Effects on antifolate drugs
A number of folate antagonists have been used in antifolate therapies, including methotrexate, pyrimethamine, phenytoin, clochicine, etc. Because of their abilities to suppress the growth of malignant tumors, some antifolate drugs are used to enhance cancer-fighting effects or to protect healthy cells in treatments of various cancers, e.g.

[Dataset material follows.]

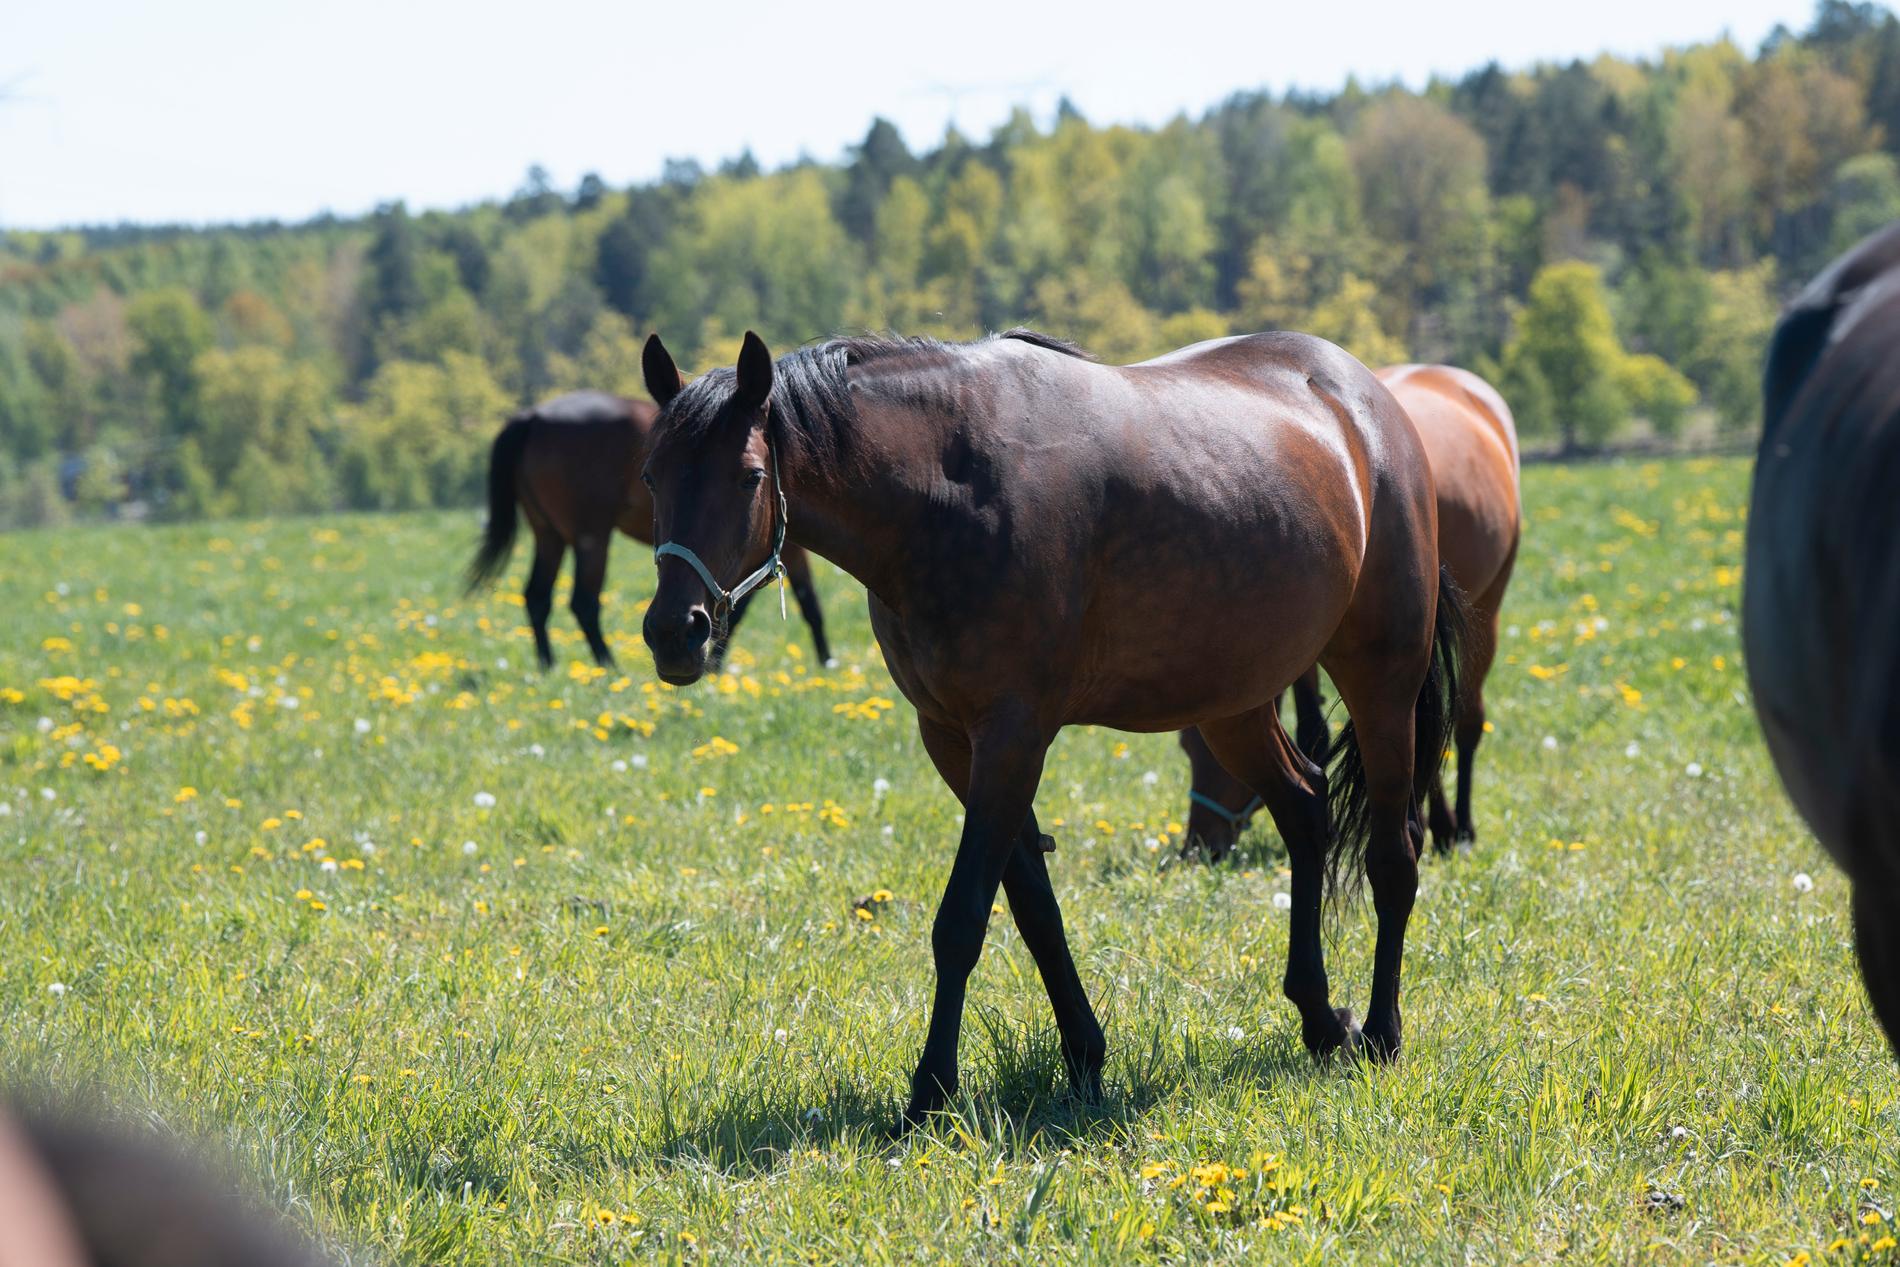 Hästar har pekats ut som en bov i dramat om de lokala orsakerna till övergödning. Men förslag som framkommer i utredningen har inte varit populära inom hästnäringen. Arkivbild.
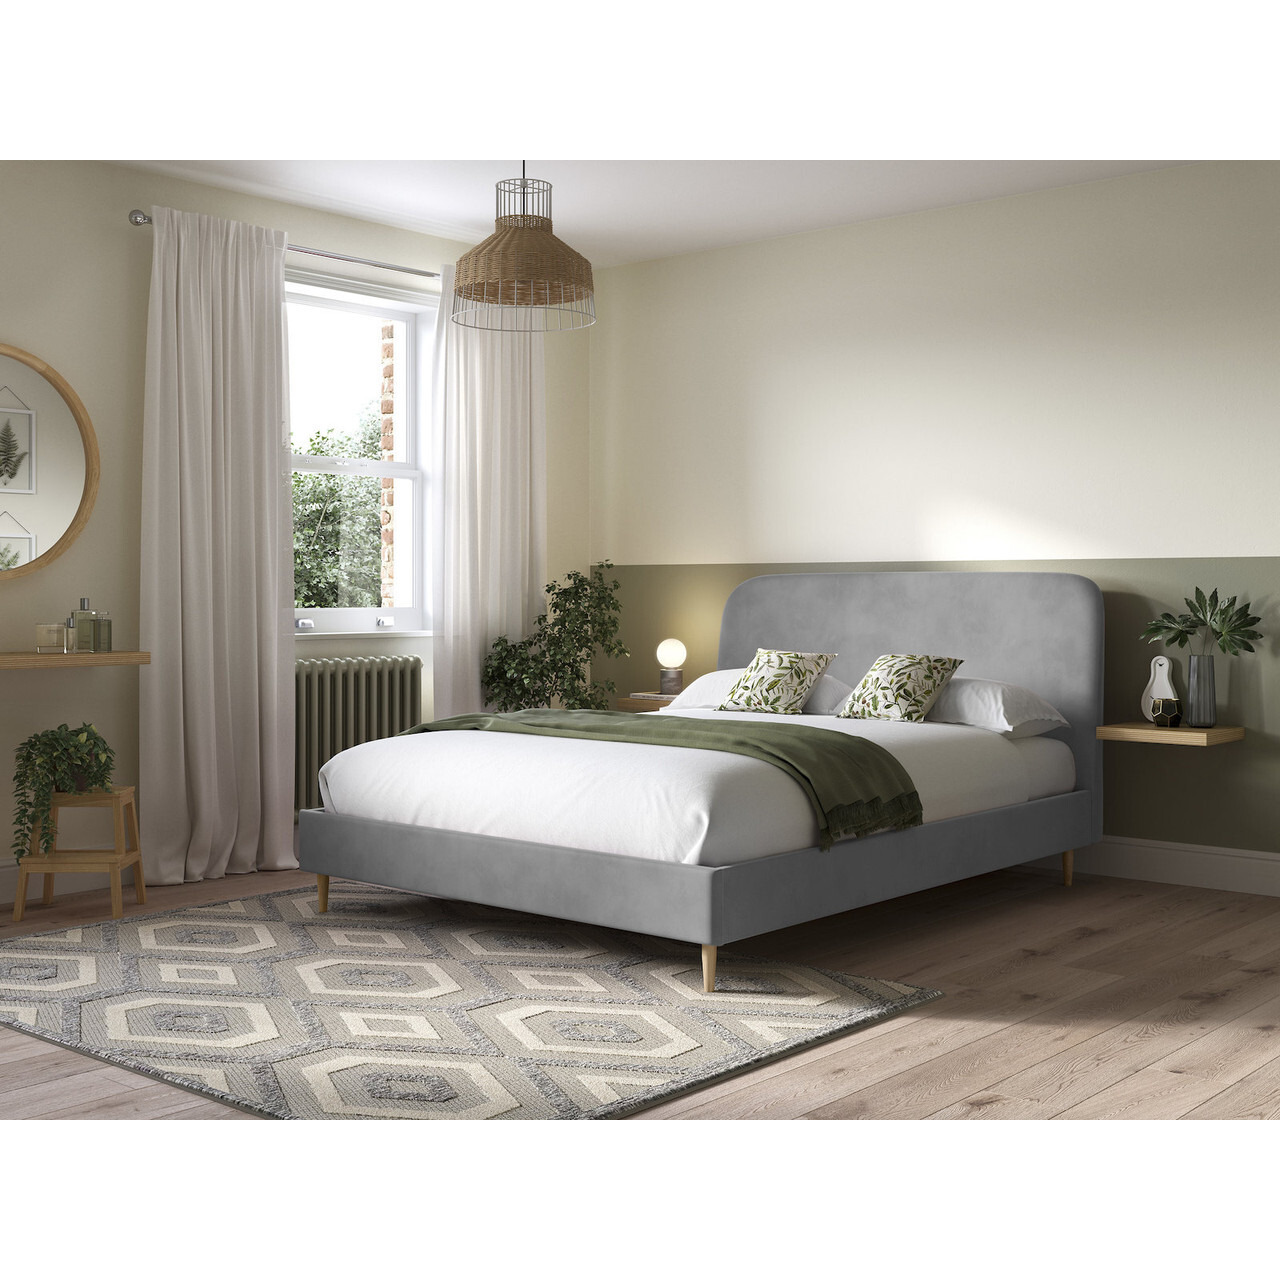 Kora Upholstered Bed Frame - image 1

leukemia, non-Hodgkin’s lymphoma, breast cancer, bladder cancer. Other diseases employing antifolate medications include rheumatoid arthritis, bronchial asthma, psoriasis, bacterial infections and so on (SCF 2000). The antifolate drugs can directly interfere with folic acid metabolism. On the other hand, folic acid supplement may decrease patients’
serum level of phenytoin−a commonly-used antiepileptic, and may consequently increase seizure frequency. Furthermore, the methotrexate efficacy in rheumatoid arthritis treatment might be reduced by high doses of folinic acid (Campbell 1996).